Recently Box.net and Zynga gave a presentation on the use of public computing clouds in their infrastructure. The topic interested me, especially in the light of the failure in April 2011 of several availability zones (availability zones) of the Amazon EC2 cloud, which made several large Internet resources and games on Facebook unavailable for several days. The presentations were presented very briefly, the speakers did not disclose specific implementation details. But even superficial data is of interest.
Box.net provides a business level remote storage service. More than 2500 virtual machines are used to service 300 million documents and over 100 TB of disk space, more than 500 of which are occupied by MySQL servers. Box.net uses Scalr software to manage and scale cloud. OpsCode and Puppet are used to manage software and configuration versions.
Scalr deals with monitoring, load balancing and adding new virtual machines. Virtual machines are distributed across three public clouds — Amazon EC2, RackSpace, and OpneStack — which allows Box.net to survive the failure of any two clouds. Copies of virtual machines are added Scalr automatically through each cloud's API. The most difficult task of scaling a site is scaling a database. This task is also solved by Scalr. In case of failure of one MySQL replica in one of the clouds - it is simply copied into the same cloud from another replica. If the MySQL wizard fails, the application is put into read-only mode, after which one of the replicas clones itself and then declares itself as a master. All replicas switch to the new wizard, the application continues to work in the usual mode.
')
Speaker Zynga, CTO of the company Allan Leinwand (Allan Leinwand), began the presentation with a description of the basic infrastructure requirements of the company - lightning-fast scaling after the launch of a new game. The last to rejoice at the success of FarmVille in 2009 was Zynga’s operations department. In the first 26 weeks after the launch of the game, the number of virtual farmers increased by a million, instead of the expected 200 thousand. In the data center Zynga just ended the place - there was nowhere to grow. At that time, the company had some groundwork that allowed it to quickly transfer the application to virtual servers in the Amazon EC2 cloud. This and automatic scaling in Amazon EC2 has increased the number of users to 70 million, making FarmVille one of the most popular online games.
The downside of fame is huge bills from Amazon EC2. It was decided to translate the popular application into their own data centers.

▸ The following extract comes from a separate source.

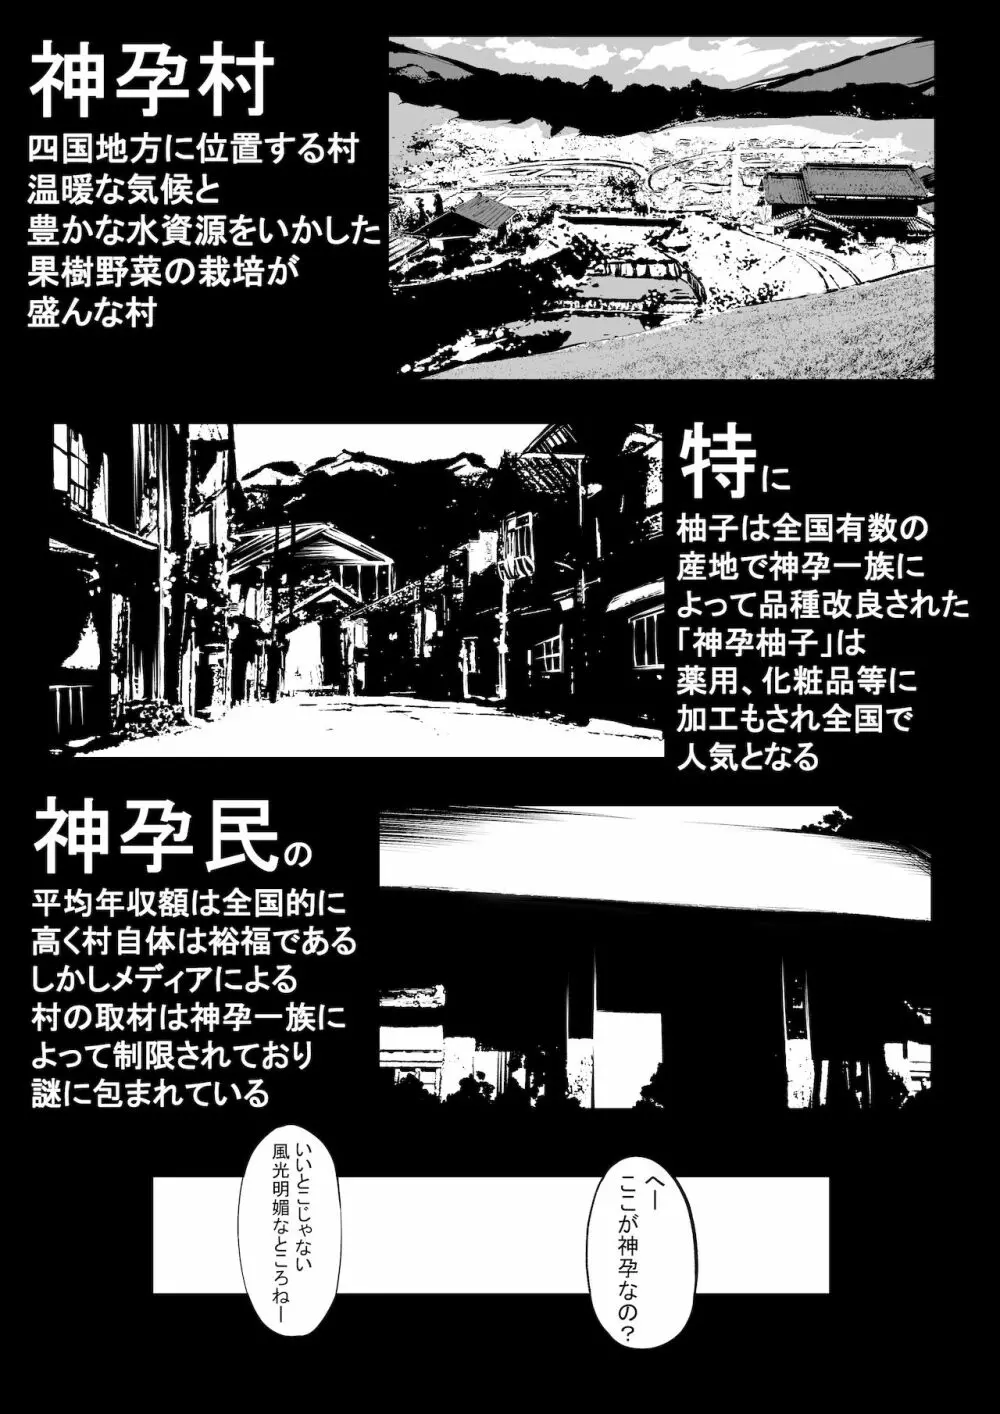 The 神孕村～やっくをやっつけろの巻～ - page5

But - taking into account the experience gained - in its own cloud, by analogy with Amazon EC2. Requirements for your own cloud - ZCloud - turned out the following:
ZCould should work on x86 architecture.
Support at least 1000 servers.
The use of generally accepted virtualization technologies (Xenserver, KVM).
Use ONLY one virtual machine per physical server.
CentOS support.
Support for accessibility zones, similar to Amazon Availability Zones.

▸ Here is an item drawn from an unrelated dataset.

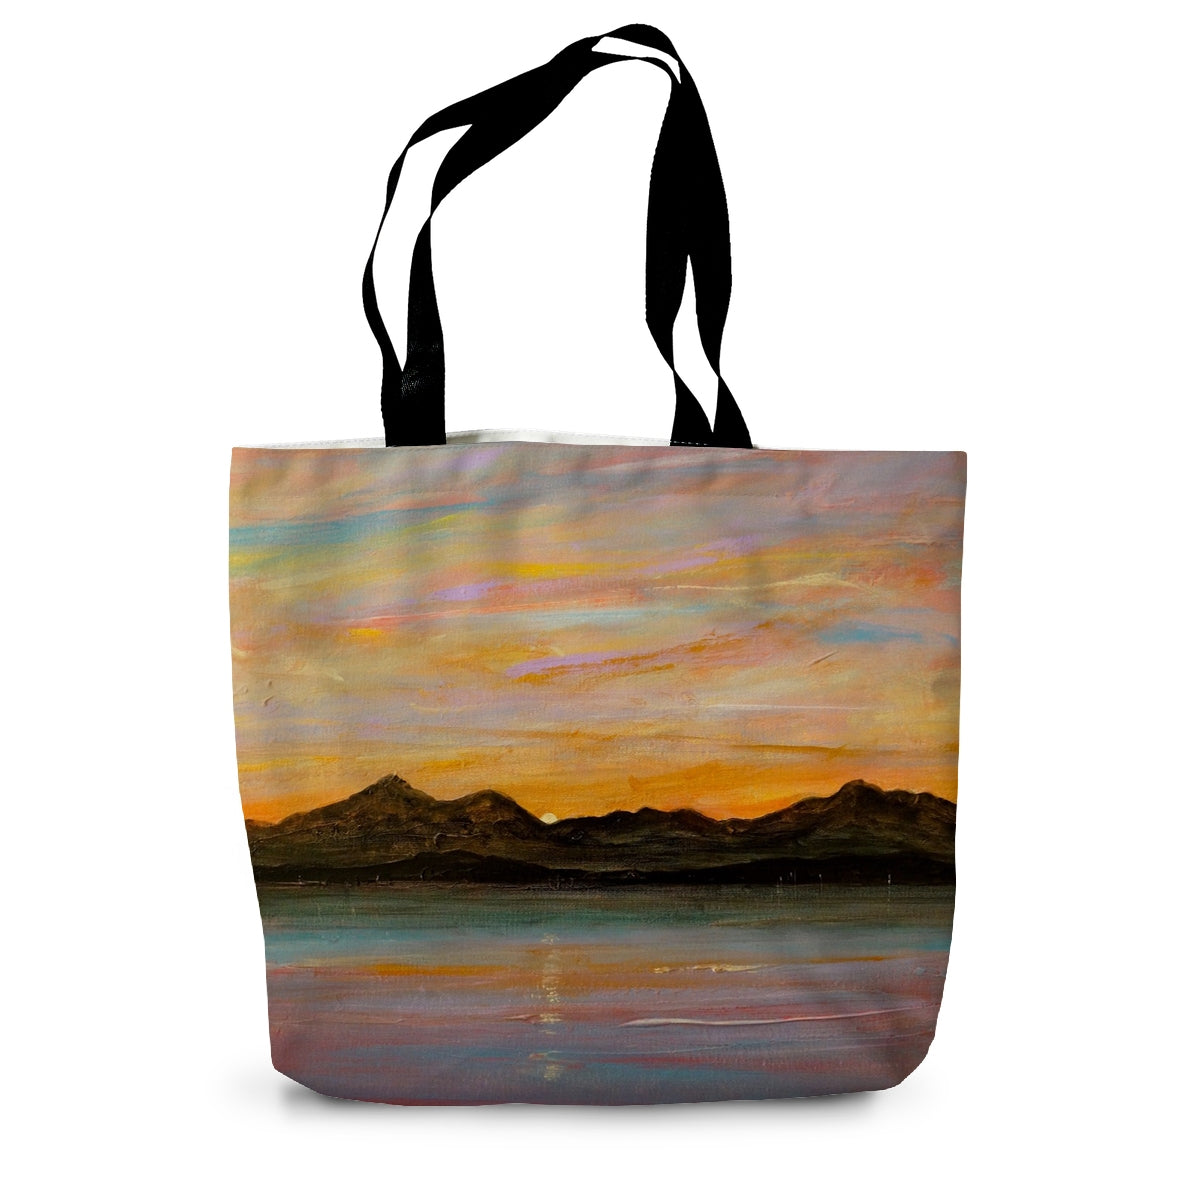 The Sleeping Warrior Arran Art Gifts Canvas Tote Bag-Bags-Arran Art Gallery-14"x18.5"-Paintings, Prints, Homeware, Art Gifts From Scotland By Scottish Artist Kevin Hunter

Integration with the RightScale already in use at the time.
Efficiency of the cloud through the network with routing (IP routed network) - that is, eliminate dependence on inter-rack VLANs that are traditional for data centers.

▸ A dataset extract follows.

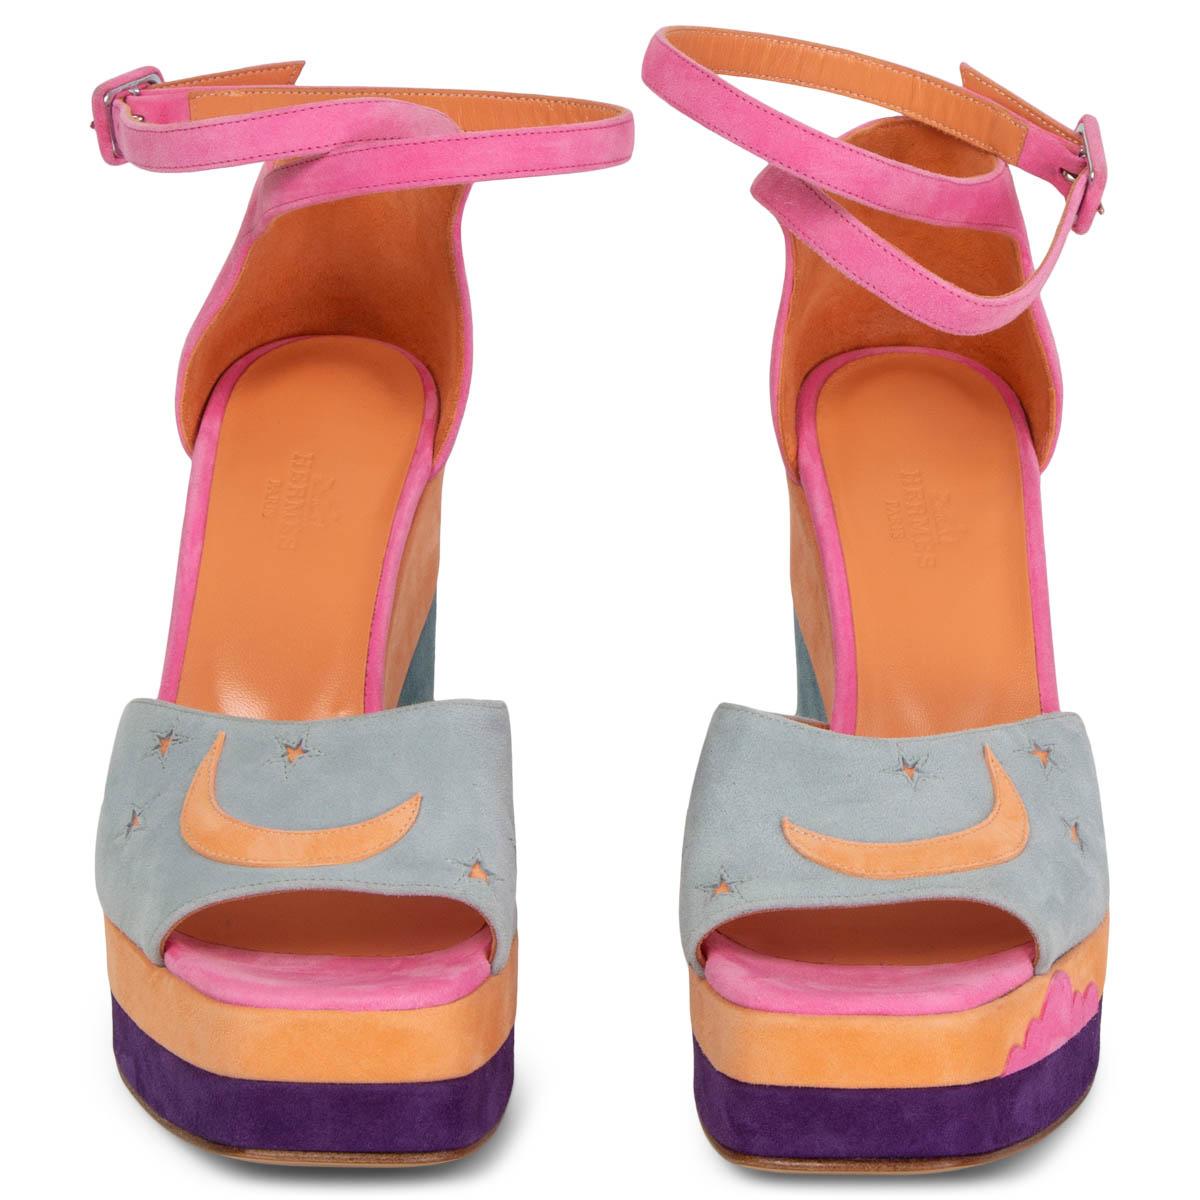 100% authentic Hermès Tournis ankle-strap wedge sandals  in pastel orange, yellow, blue, neon pink and purple suede. Brand new. Come with dust bag. Spring/summer 2019 collection.

Measurements
Imprinted Size	38.5
Shoe Size	38.5
Inside Sole	25cm

All these requirements were implemented in ZCloud, which operates in two data centers: one - on the east coast of the United States, the second - on the west. Data centers are weakly connected - the unavailability of one should not affect the availability and performance of the application. Allan refused to answer the direct question about the number of servers in ZCloud, making public only the fact that once they had to enter 1000 new servers into the cloud in 24 hours.
As with Box.net, a third-party application is used to control and scale the cloud, in this case RightScale. Zynga implemented balancing and monitoring independently, at least it was not possible to find out any details about this.
Zynga continues to continue to use Amazon EC2, launching new applications first there, studying traffic and popularity. Successful games that achieve a certain traffic are transferred mostly to ZCloud, thus reducing costs and increasing application performance.
Finally, Allan expressed his thoughts on the future of public clouds: they have room to grow and improve. Performance in the public cloud, as a rule, leaves much to be desired. On the other hand, your data center or cloud makes sense only when a certain level of traffic is reached, implying capital investments in hardware and the cost of developing your own cloud.
From myself, I just want to add that the hybrid model with a public / private cloud seemed to me quite interesting. There is also another option in the middle of the cost / scalability / performance - server rental (dedicated server hosting).